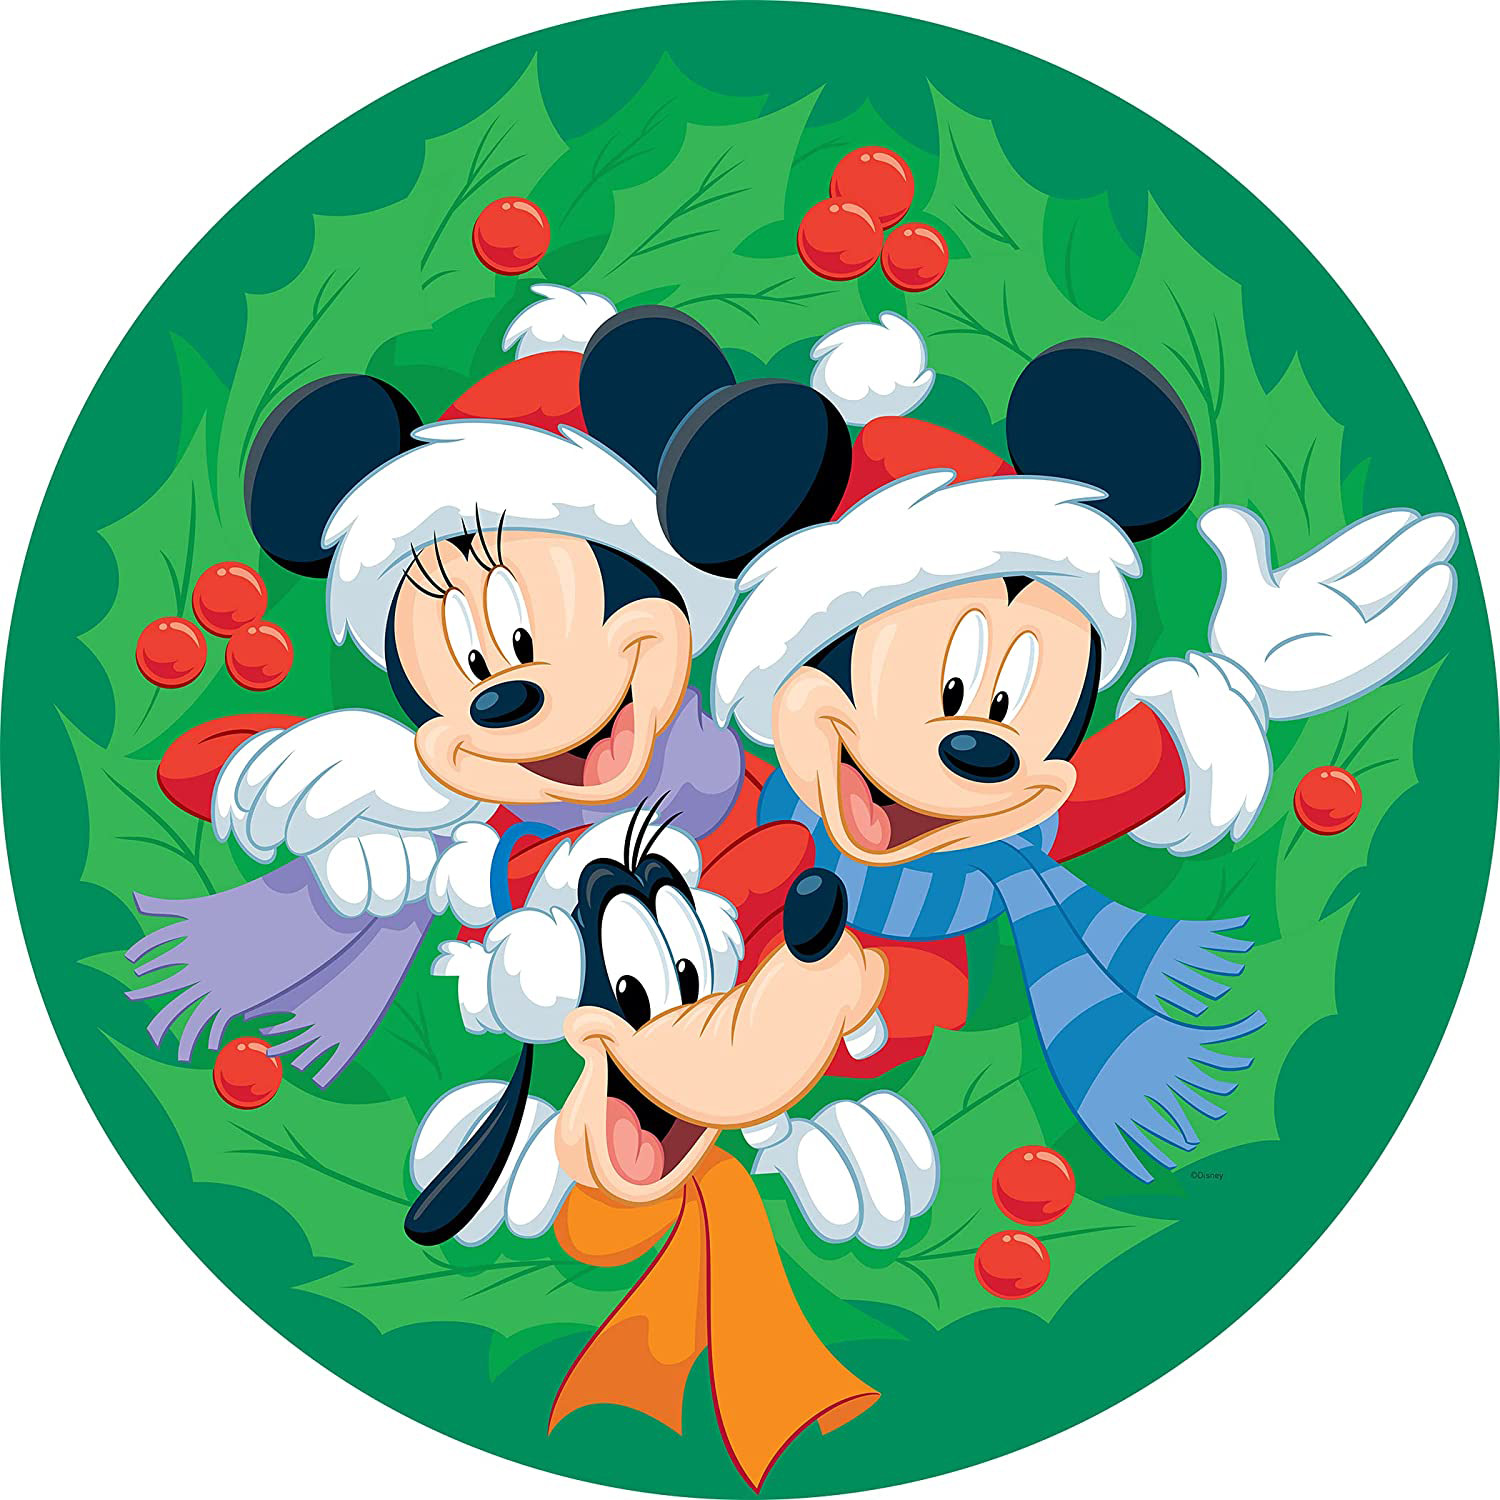 Disney Holiday Fun 5 in 1 Multipack Puzzle Set
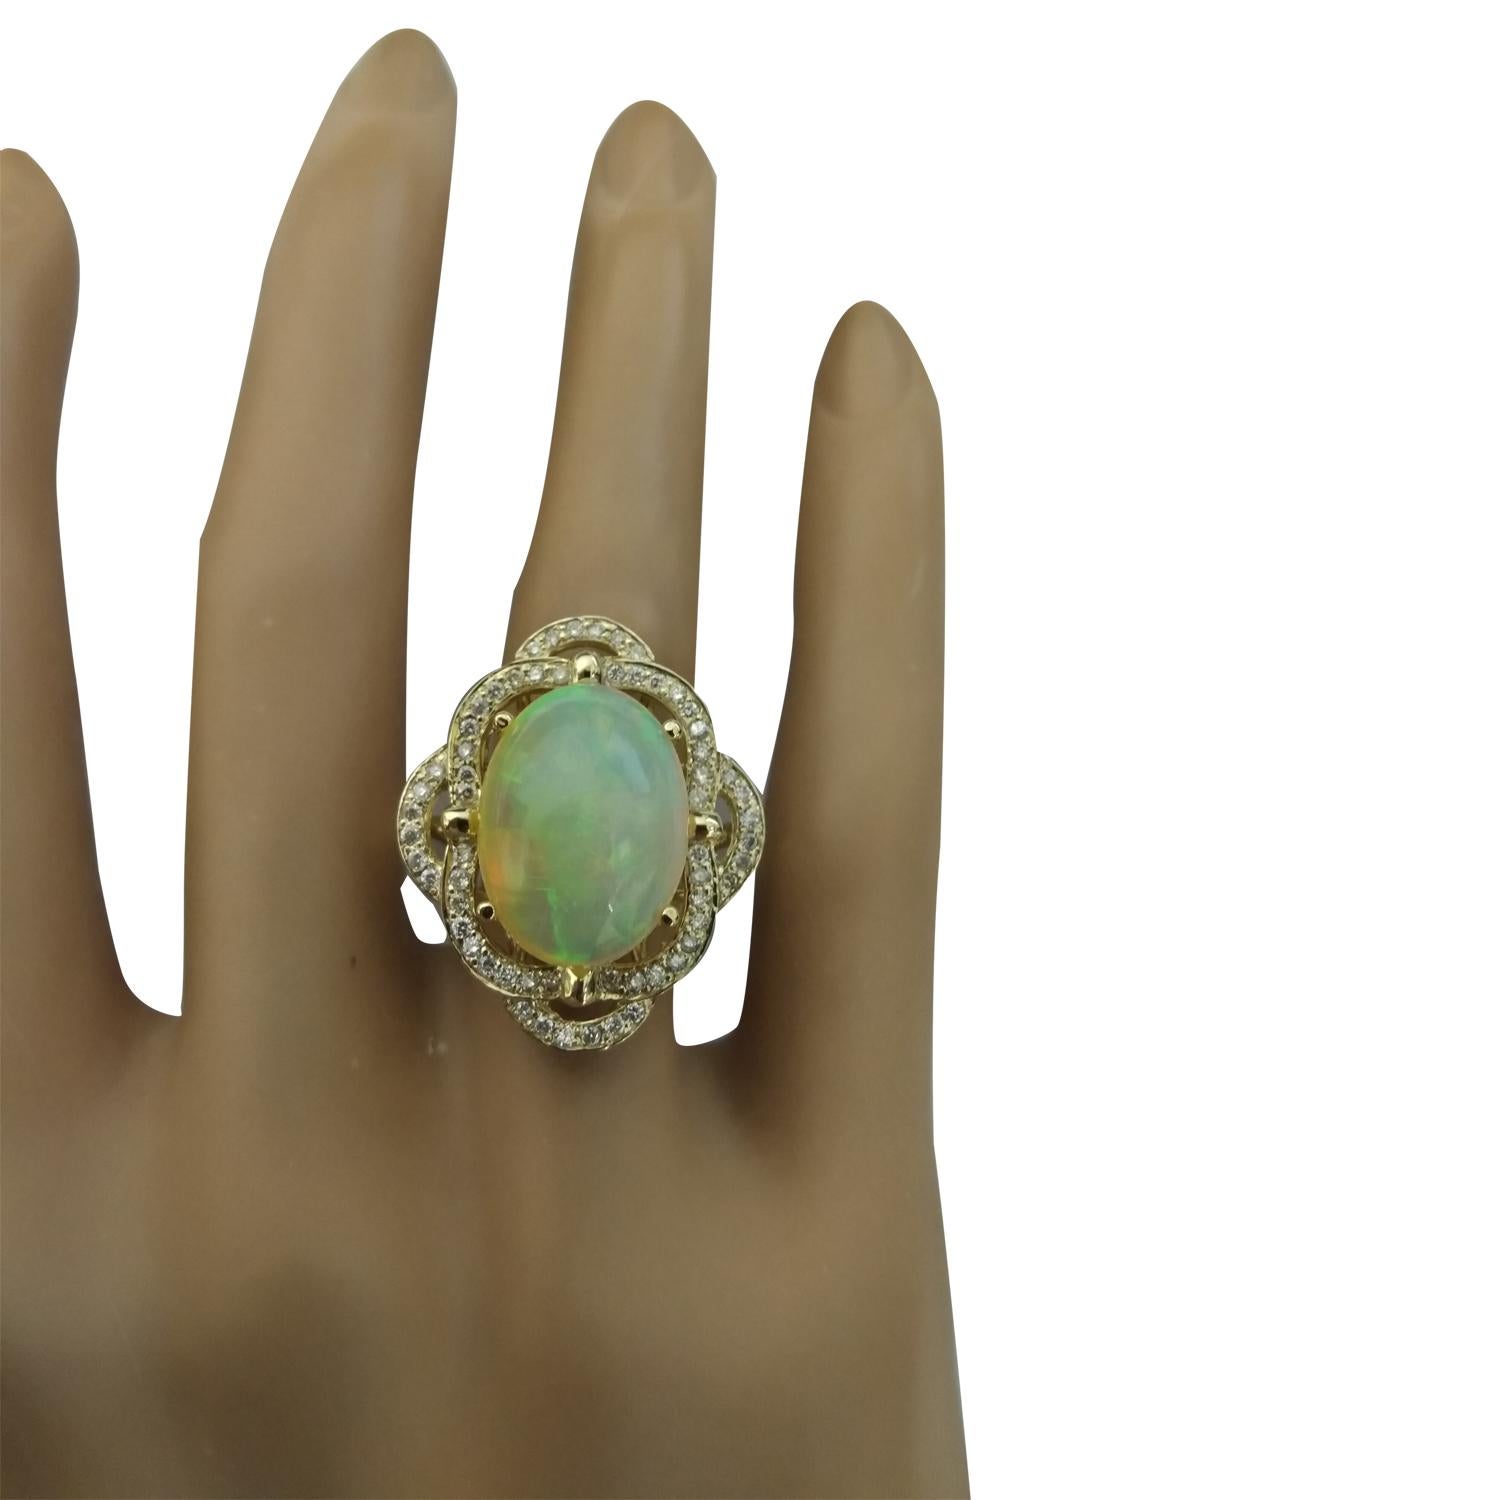 7.05 Carat Natural Opal 14 Karat Solid Yellow Gold Diamond Ring
Stamped: 14K 
Total Ring Weight: 7 Grams 
Opal Weight 6.55 Carat (16.00x12.00 Millimeters)
Diamond Weight: 0.50 carat (F-G Color, VS2-SI1 Clarity ) 
Face Measures: 25.40x21.55
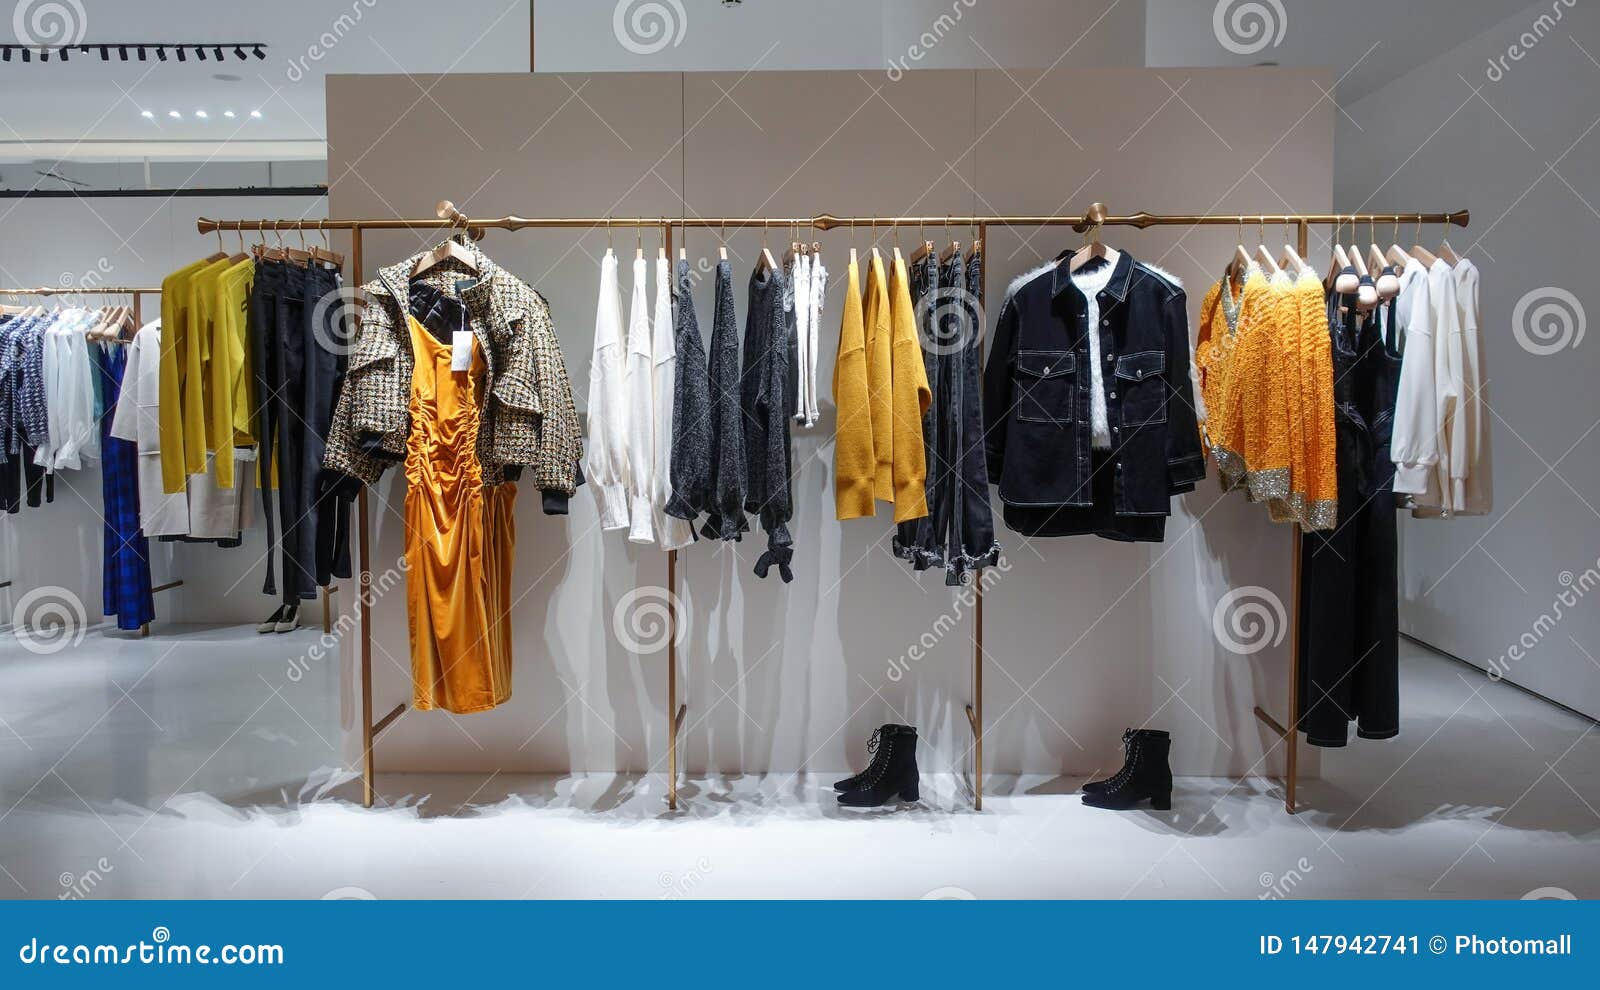 Lady Clothing Retail Shop in Shopping Mall Editorial Photo - Image of ...

□ □ □ □ □ □ □

- _WHAT TO PRODUCE_
Write out every line in the data that holds the string "Weight".

- _WRITTEN SOLUTION_
Total Ring Weight: 7 Grams 
Opal Weight 6.55 Carat (16.00x12.00 Millimeters)
Diamond Weight: 0.50 carat (F-G Color, VS2-SI1 Clarity ) 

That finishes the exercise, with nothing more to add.